Reserve your valuable time and Java skills for implementing things that do not already exist!
5. Build for Change
Identify and define 10-100 specific rules for business users to own and maintain. Activities should not be on this
list - use other rule types for business-maintained logic.
6. Design Intent-driven Process
Your application control structure must consist of flows and declarative rules. Use flow actions to prompt a user
for input and present fewer than five connector flow actions for any individual assignment - if you need more than
that, you need to redesign the process.
To maximize reuse, create activity rules that implement only a single purpose, and call activities only as needed.
7. Create Easy-to-Read Flows
Flows should fit on one page and should not contain more than 15 SmartShapes (excluding Routers, Notify
shapes & Connectors). If a flow has more than 15 SmartShapes, either create a subflow or use parallel flows to
perform additional functions.
8. Monitor Performance Regularly
For best results, evaluate and tune application performance at least weekly. Use the Performance Analyzer (PAL)
to check rule and activity efficiency - establish benchmarks early on; compare these results to follow on readings
and correct application as required.
9. Calculate and Edit Declaratively, Not Procedurally
Whenever the value of a property is calculated or validated, use declarative rules wherever appropriate.
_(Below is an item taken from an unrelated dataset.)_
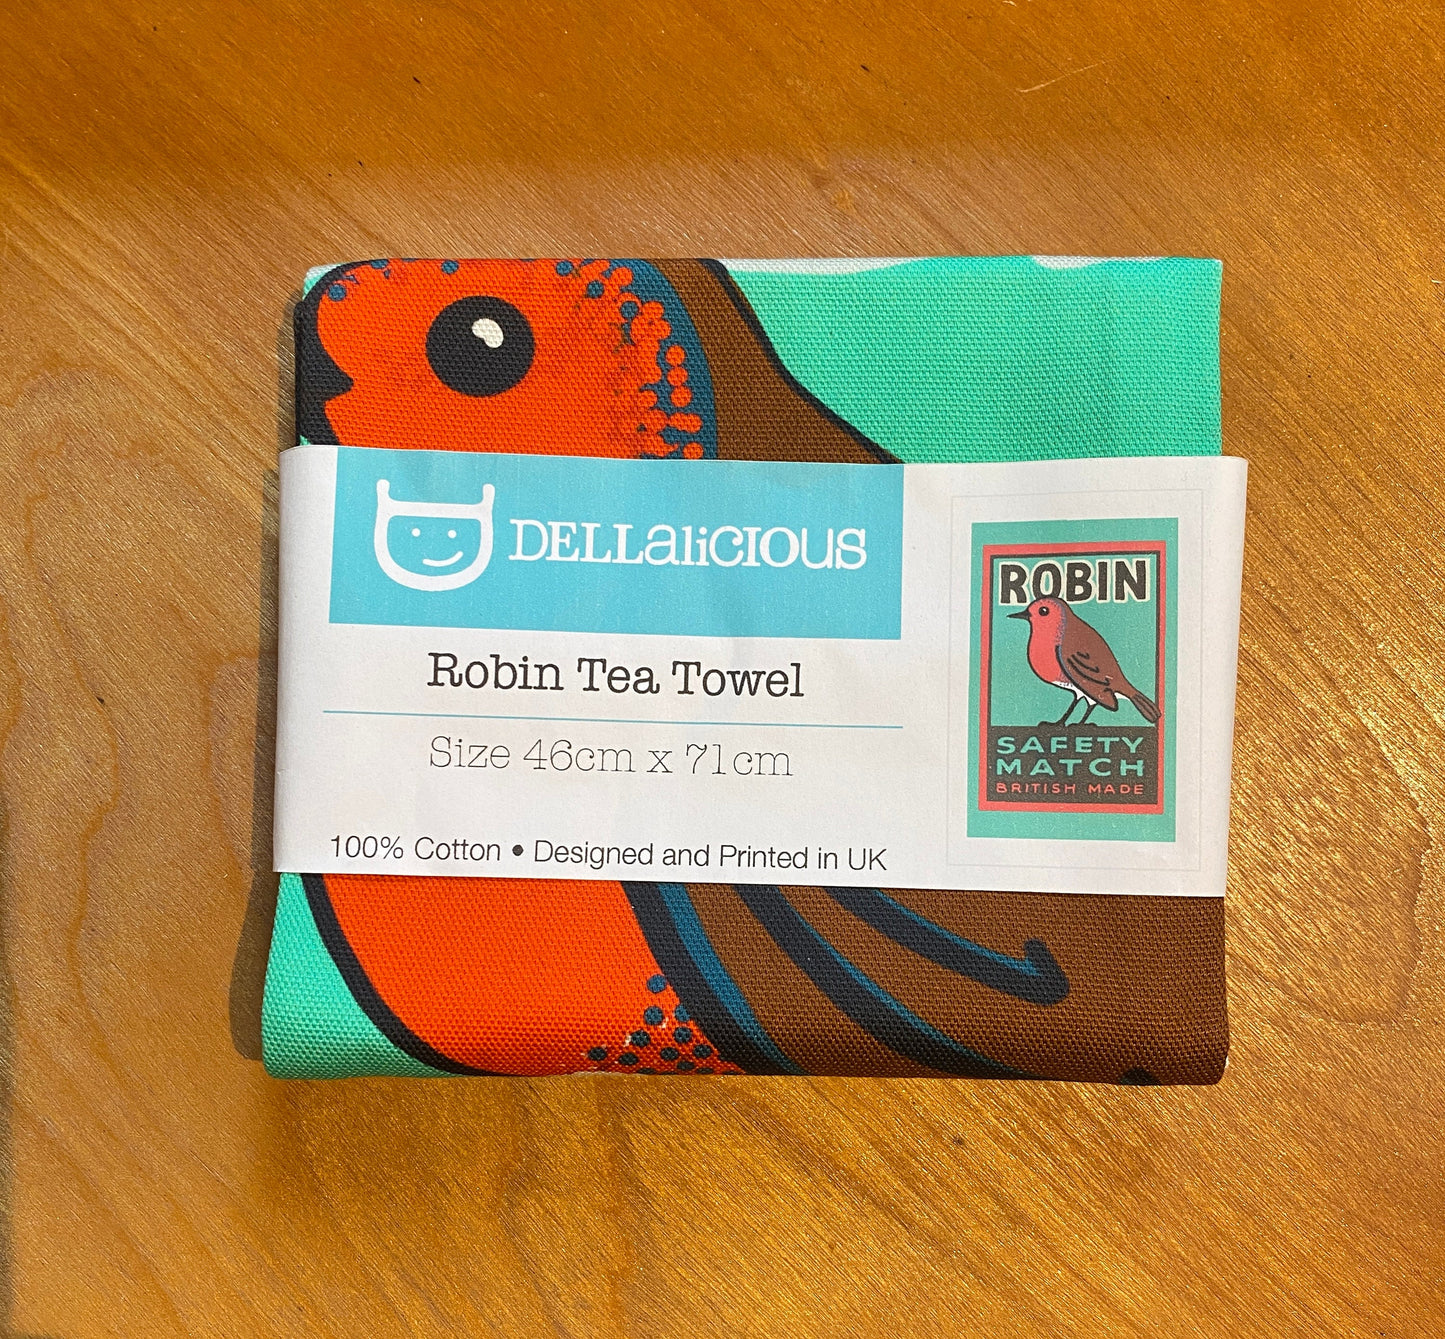 100% Cotton Robin Tea Towel, Matchbox label art, Designed and Printed in the UK
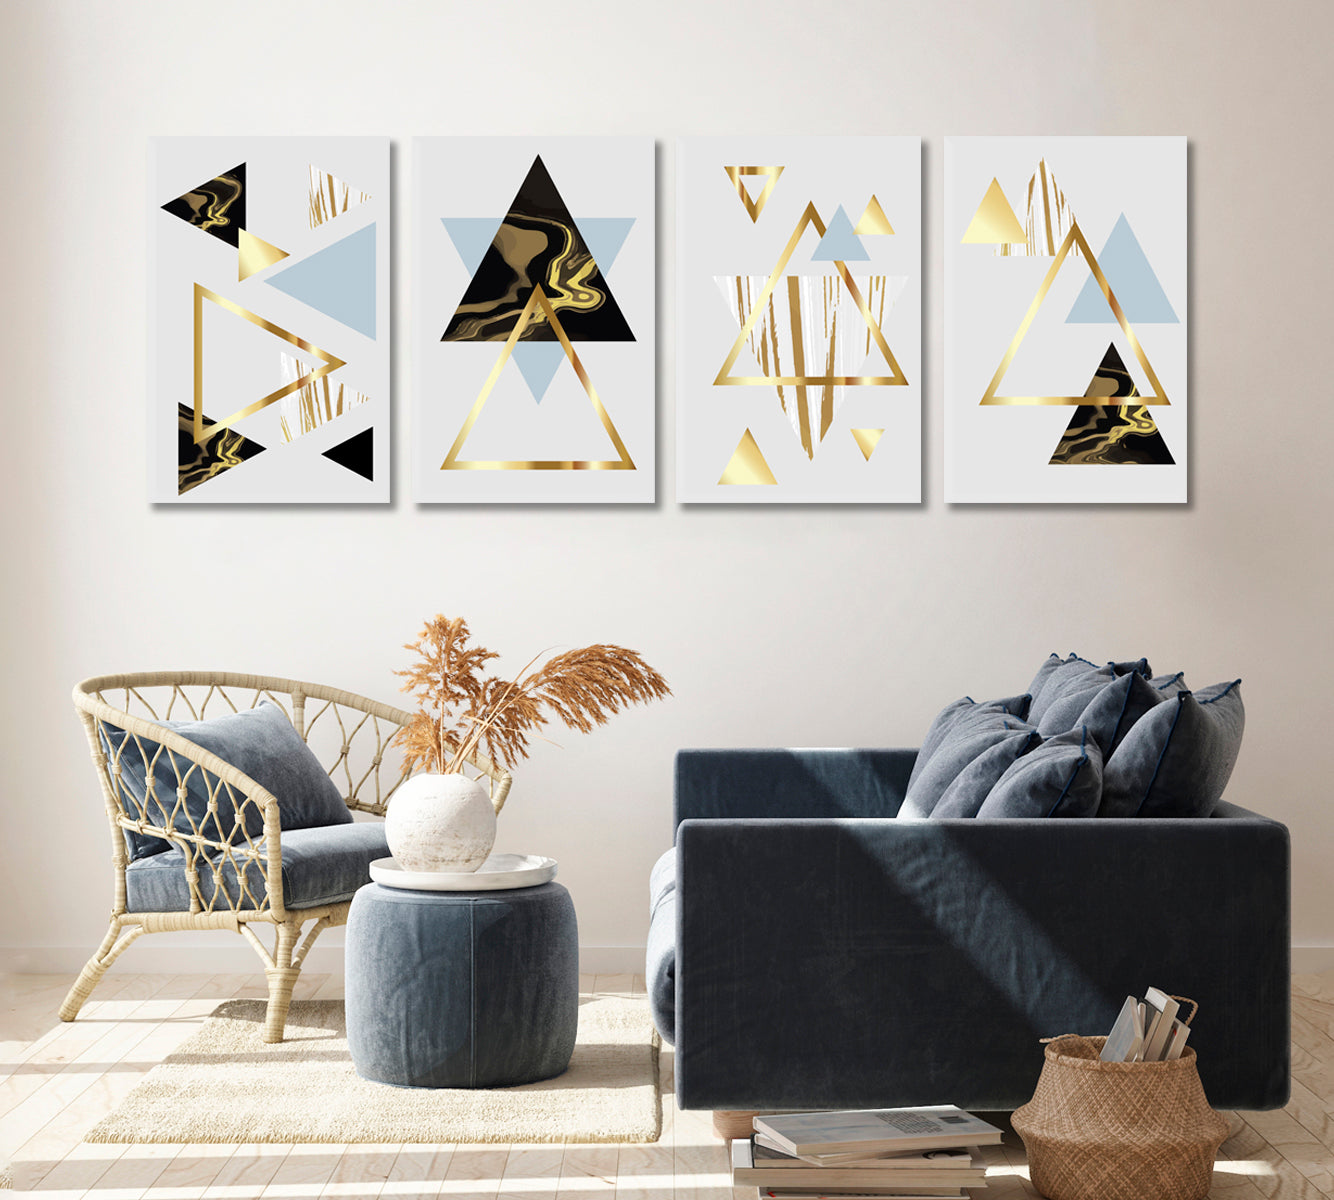 Set of 4 Vertical Abstract Geometric Marbling Triangles Canvas Print ArtLexy 4 Panels 64”x24” inches

Use a declare expressions rule instead of a Property-Set method in an activity and a declare constraints rule
instead of a validation rule.
10. Keep Security Object-Oriented Too
Your security design should be rule-based and role-driven based on who should have access to each type of work.
Use the standard access roles that ship with Process Commander only as a starting point and use RuleSets to
segment related work for the purpose of introducing rule changes to the business, not as a security measure.
Never code security controls in an activity.